Fable of Happiness (Fable #2) by Pepper Winters
She stiffened, understanding what I’d offered her even though it cost most of her hate. “I didn’t ask you for anything. I didn’t want anything.”
“And I didn’t want you to keep hating me for doing something I didn’t mean to do.”
She bit her cheek, her eyes narrowing. “What are you saying?”
I sighed, running a hand over my face before I looked back up at her. “I didn’t mean to hurt you...in the river.”
Silence.
Stagnant, pregnant silence.
Slowly, she crossed her arms against her stomach, not bothering to cover herself up, either still too angry or too far removed from needing clothes at this point. “Why?”
I frowned. “Why what?”
“Why did you then? If it was an accident?”
I shook my head, bracing against the memories swarming thanks to her question. The answer was there, waiting for me to open the door and allow the nasty recollection back into my comprehension.
But that was the thing.
I didn’t want to remember.
I knew I’d recalled something sick. Something that a guest had done to me or some punishment that’d drawn my blood. The problem was, there was not a thing on this godforsaken earth that would make me willingly drag that memory back again and let it have free rein inside my head.
No way.
“Doesn’t matter.” I shifted on the ground, preparing to gather my balance and stand. “What does matter is I didn’t mean to hurt you, and I’m sorry.”
“Tell me what you saw.”
I pushed up, swaying a little as I locked my knees and stood tall. “No.”
“If you want me to forgive you, you’ll tell me what you remembered.”
I smiled thinly. “I guess my apology is moot then because I refuse to go back there.”
She sighed heavily as if she was used to me deflecting, as if she knew me better than I knew myself. “Have you read The Cost of You? It’s a psychological text in the library. While you were unconscious, I read a lot. I skimmed every book I could that might help you.”
It was my turn to cross my arms. “I have.” My cock still hadn’t deflated and the urge to snatch her around the waist and finish what I’d started hummed in my blood. “I’ve been here a lot longer than you, remember.”
She nodded as if pleased I knew the book she was referring to. Frankly, it was text-heavy snooze-fest about patients who moaned about their problems. It was men with lots of doctorates and monikers to their names, professing their professional opinion on how to help people with trauma. There’d even been a workbook in the back to help the reader get over their own trauma, to see if the author’s method of treatment could work.
I’d laughed when I’d found it.

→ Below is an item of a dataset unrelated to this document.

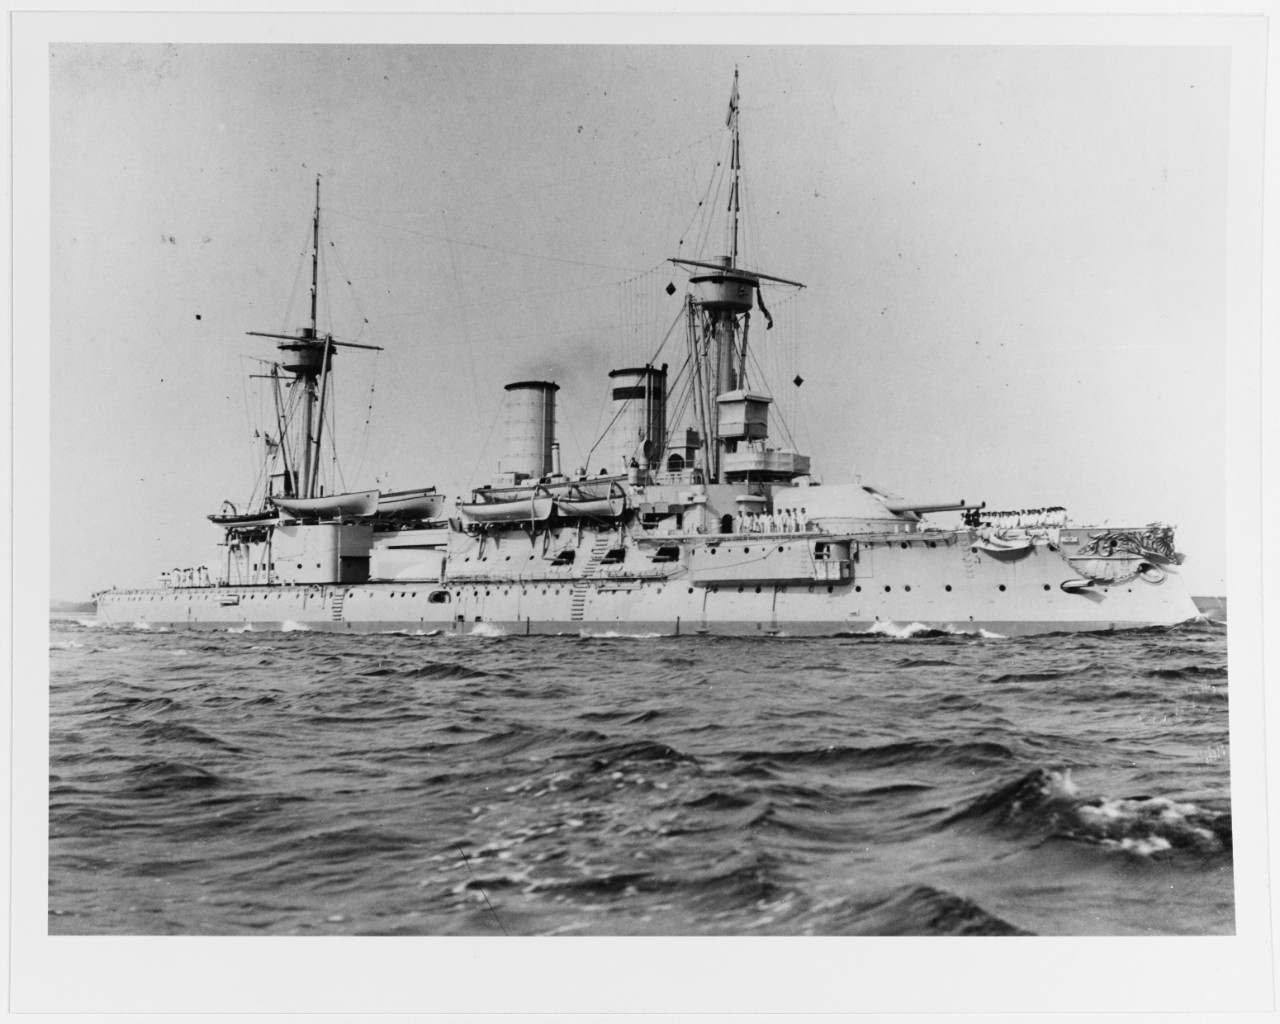 KURFURST FRIEDRICH WILHELM (German battleship, 1891-1915)

Was the book one of Storymaker’s inside jokes? Why else have a book on trauma in a house of slaves? However, curiosity got the better of me and I’d skimmed the questions.
I’d promptly shoved it back on the shelf and never read it again.
“If you read it, then you’ll know how dangerous it is to suppress things that frighten you.”
“Frighten?” I sneered. “You saying I frighten you, even after I confessed to wanting to pleasure you over my own needs. I hardly think you should be afraid of me, more like grateful that I’ve acknowledged my mistake and wanted to make amends.”
She held up her hand. “I’m not afraid of you. Well, not as much as I once was, at least. And we both know I wasn’t talking about me.” She stepped closer, the chain whispering through the grass. “I’m talking about you. You’ve suppressed so much you can’t even distinguish what’s real and what’s not anymore. You strangled me because you thought I was someone else. You had hallucinations and personality switches while recovering because your mind can no longer keep the past from the present. If you don’t permit yourself to remember, then—”
“I’ll never willingly remember,” I snapped.
She sighed again. “In that case, we both better come to terms with how this will end then.”
I frowned. “How what will end?”
Her chin tilted up, and a chill ran down my back. Naked and sun-painted, she looked otherworldly. She looked as if she had a crystal ball and wasn’t just giving hypotheticals but a horrifying future that would come true. “You’ll make another mistake.” She shuddered, rubbing her arms as if she’d scared herself with the weight of her premonition. “You’ll hurt me, even if you don’t mean to. You’ll kill me because you’ll see them and not me. And then, you’ll be alone again. It won’t be because I ran. It won’t be because I got up the courage to hurt you to earn my freedom. You’ll kill me and be the only one to blame for your loneliness.”
I choked on my own spit. I fumbled for a refusal—something to prove how wrong she was. However, she merely turned her back on me again, grabbed her damp shirt from the top of my clothes, and shrugged it on.
It didn’t matter that she had no skirt, boots, or underwear; the way she walked with her spine dead straight and her aura of righteousness made her look like a queen. An already dead queen as she walked away until the chain pulled tight between us, and she could go no farther.
CHAPTER TWENTY-TWO
WE WALKED BACK TO the house in silence.